Thanks for all the help!


----------



## BigRedKnothead

Don't know anything about the make. I'd take it for $100 even just for the storage and vise.


----------



## GregInMaryland

The vise reminds me of a harbor freight special, though I didn't see one similar on their website. I suppose if there isn't something wrong or broken, it is worth $100. The top is not going to be as thick as it appears-most likely there is a skirt a round the perimeter. Also, the vise is rather shallow. This may be your first workbench, but it won't be your last.


----------



## Loren

Can't read the logo, but it looks like a Sjoberg.


----------



## Tim457

Consider asking for closeup pictures of the vices before you go. A 100 mile drive round trip costs you about $50-60 by IRS standards, and you know they aren't being generous when giving deductions. You've made better, but if the vices are decent and the size is decent it doesn't sound bad. The HF bench costs more than that.


----------



## stefang

It looks (nicely) shop made to me, and well worth $100 if it is stable.


----------



## Laughran

The manufacturer is Whitegate.
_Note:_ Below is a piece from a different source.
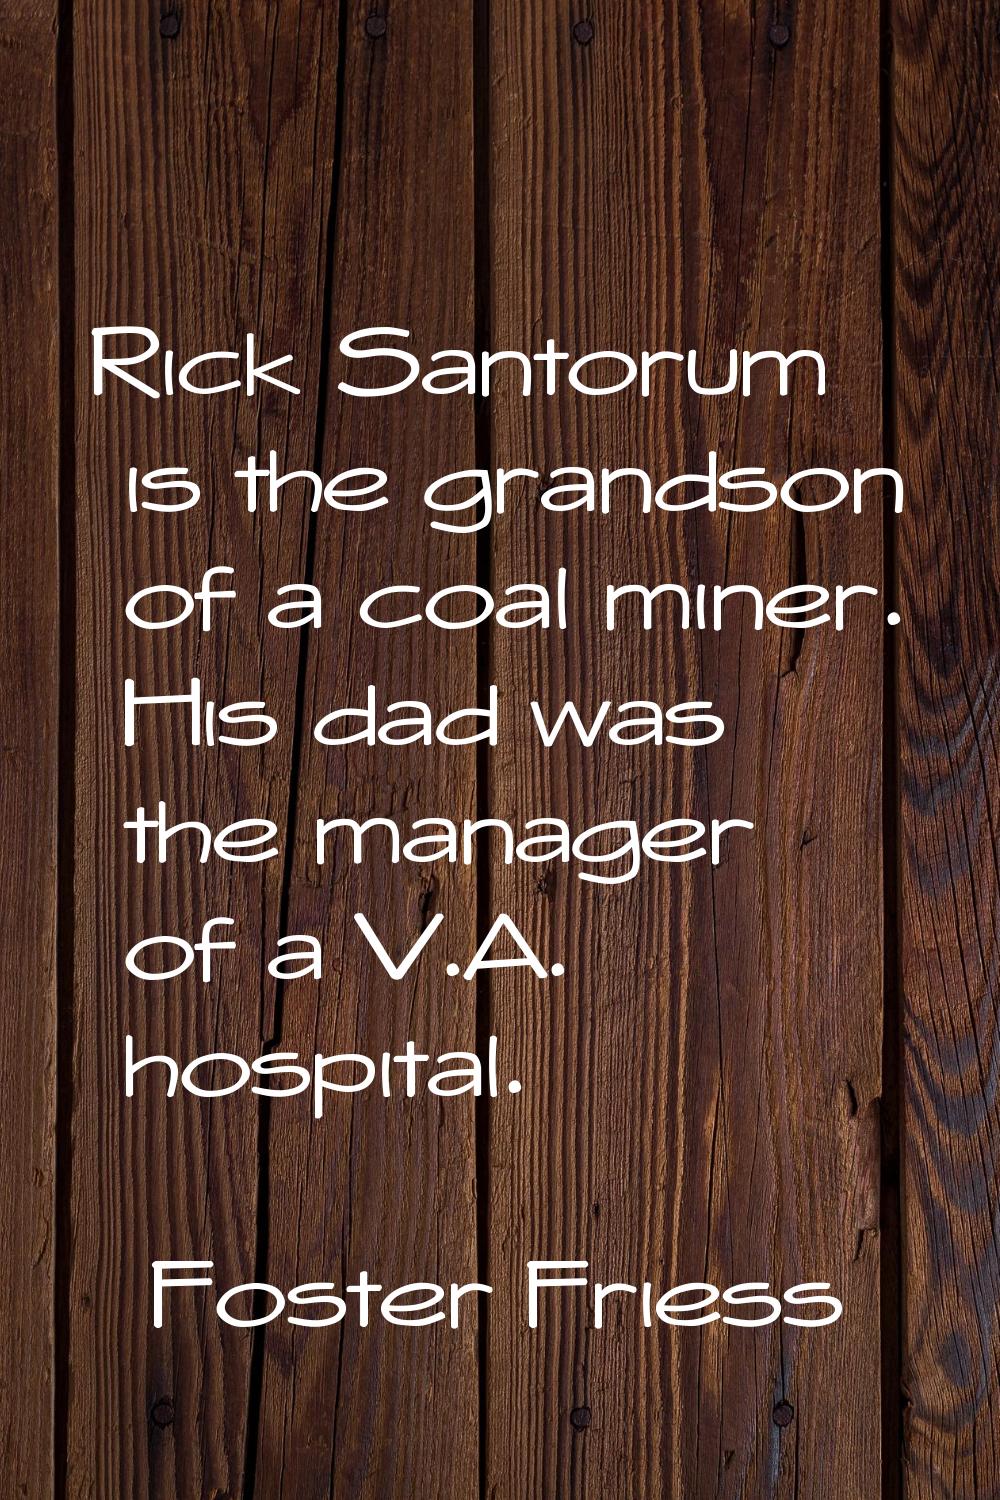 Rick Santorum is the grandson of a coal miner. His dad was the manager of a V.A. hospital.

It is a smaller light duty bench. I Paid $50.00 for one last fall. Its not the best but it is better than nothing. Someday (when time and money allow) I'm sure to build a heavier one.


----------



## helluvawreck

If you don't travel so far to get it it would definitely be worth it to me.

helluvawreck aka Charles
http://woodworkingexpo.wordpress.com


----------



## Moai

thanks for the info and comments guys, you are the best!
I'm letting this one pass…....
I got a nice Richard Wilcox Quick Release Vise from Ebay, so I guess is a better option to build something stronger.
May God bless you richly today!


----------



## alyle1028

I bought one at a garage sale…. does yours have 5/8 inch holes for the dogs?


----------



## OleGrump

An hour drive isn't so bad, and what the hell, there are TWO vises on this bench, making them $50 apiece. Try to buy the just the vise hardware for that nowadays. Lotta good storage space, and a good user, if you don't already have a bench. If it were me, I'd go for it.


----------